Monday, 8 October 2007  |  sad eagle

So I thought I would spend a tiny bit of time on the weekend trying to get khtml 4.0's gif decoder all finished. Yeah, right. Decoding the frames themselves is easy: giflib does it for us. The messy part comes when it comes to putting them together into an animation.

The way this roughly works is the following: gif has a canvas, which it calls the screen. It provides a palette, the index for the background color in it, and of course the dimensions.

For an animated gif, there is then a sequence of frames, each of which specifies the portion of the screen the frame touches. There may also be a per-frame palette, and a transparency colorkey.

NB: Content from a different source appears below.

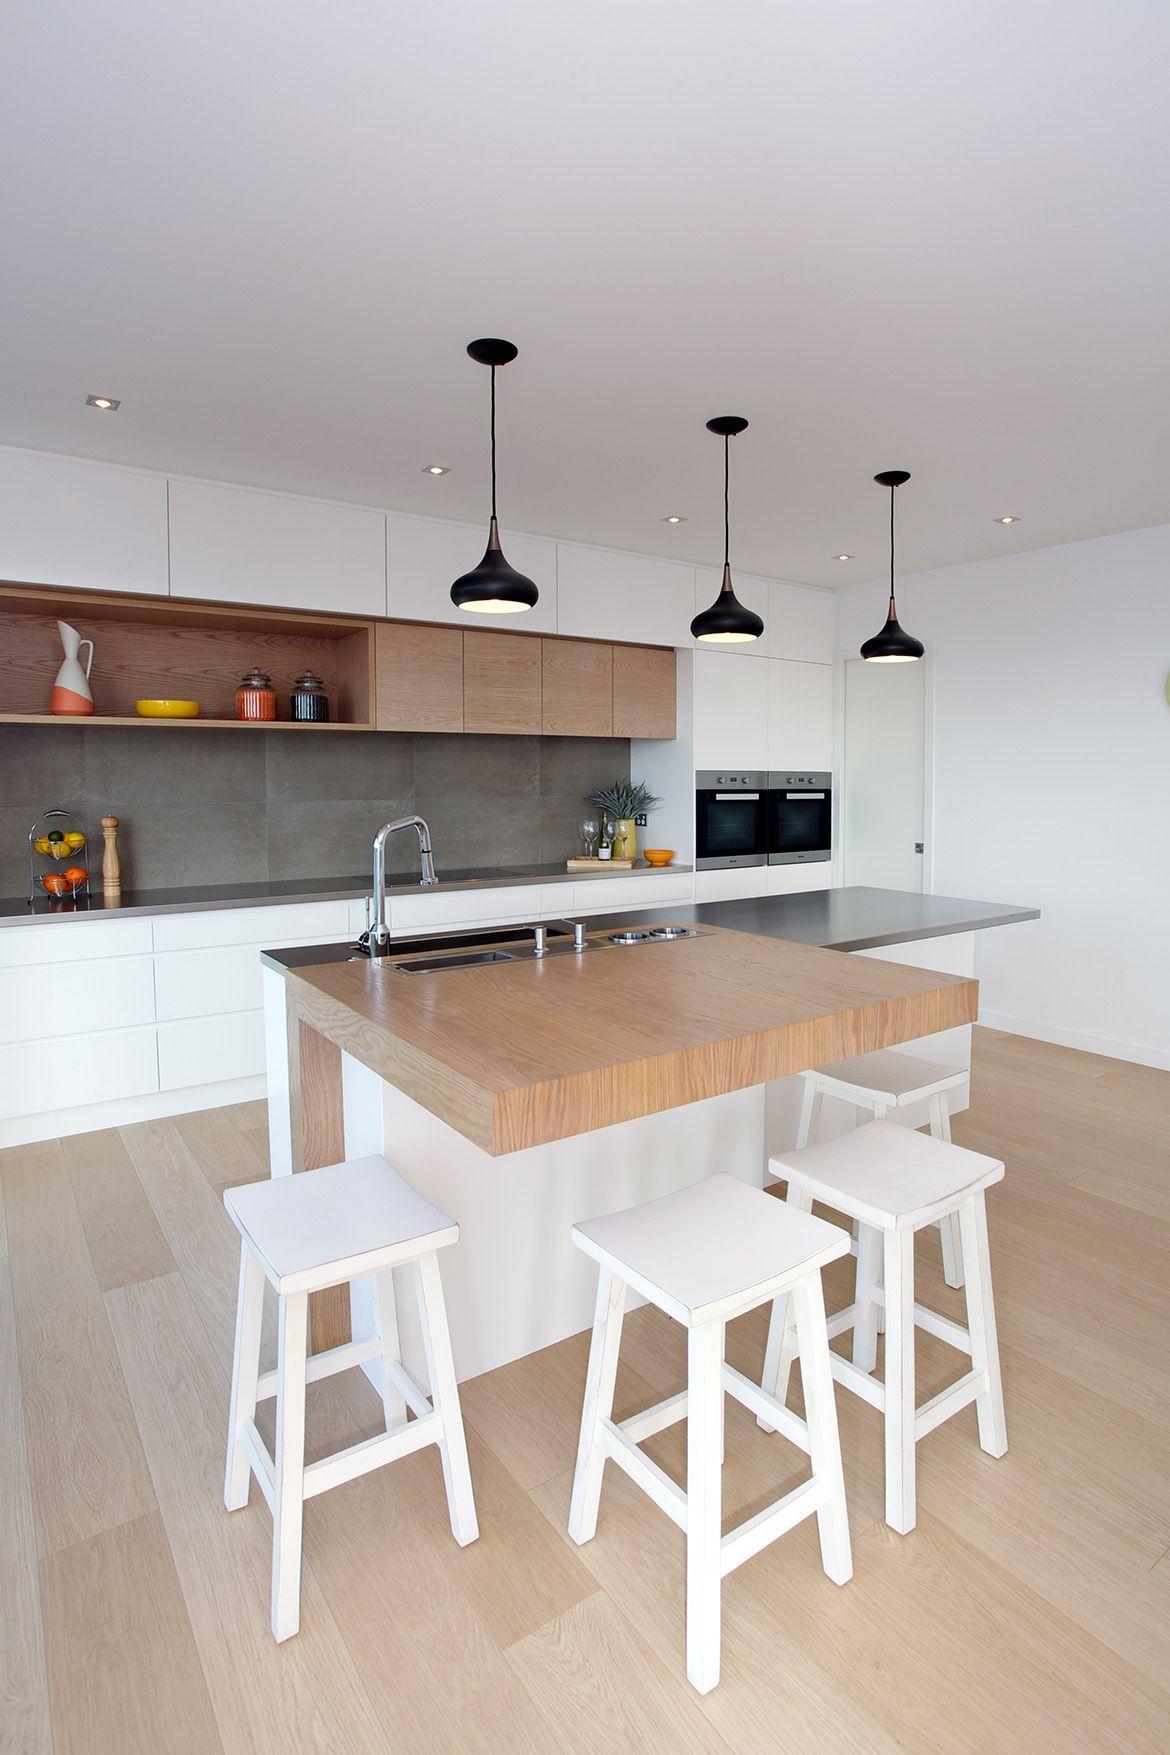 Breakfast Bar with Wood Finish Kitchen Design Ideas

More interestingly there is a disposal mode, which specifies how to transition to the next frame:

  1. unspecified (always a good sign in a spec. Not!)<.li>
  2. leave screen as is
  3. clear to background
  4. revert to state before this frame
Sounds easy enough? Well, too bad it's not the entire picture. Consider for example the mode 2: clear to background. For most images it behaves by clearing to transparency. What's the big deal? Well, the place the background color is specified is with the global palette... and there is no transparency in there! Transparency colorkey is specified per-image, so... how exactly is it supposed to work? Does one interpret background color inside the current frame's palette (which may be a local palette, or the global palette with the transparency colorkey overlaid..)? Does one just use transparency for background if there is transparency involved? Beats me.

And that, actually, isn't the worst. The messy part comes from compositing images. The images have transparency, so when one draws the new frame over the current canvas state, one has to combine them together. There are 2 ways of doing it:

  1. only draw non-transparent pixels (the over operator).
  2. copy over everything, overwriting non-transparent pixels with transparency (the src operator).
So which one is right? Both. There are images that need one mode, and there are images that need another... and one can easily construct images where both are in use, and it's entirely unclear how e.g. mozilla decides on which way to do things.

Anyone reading this know what's going on there?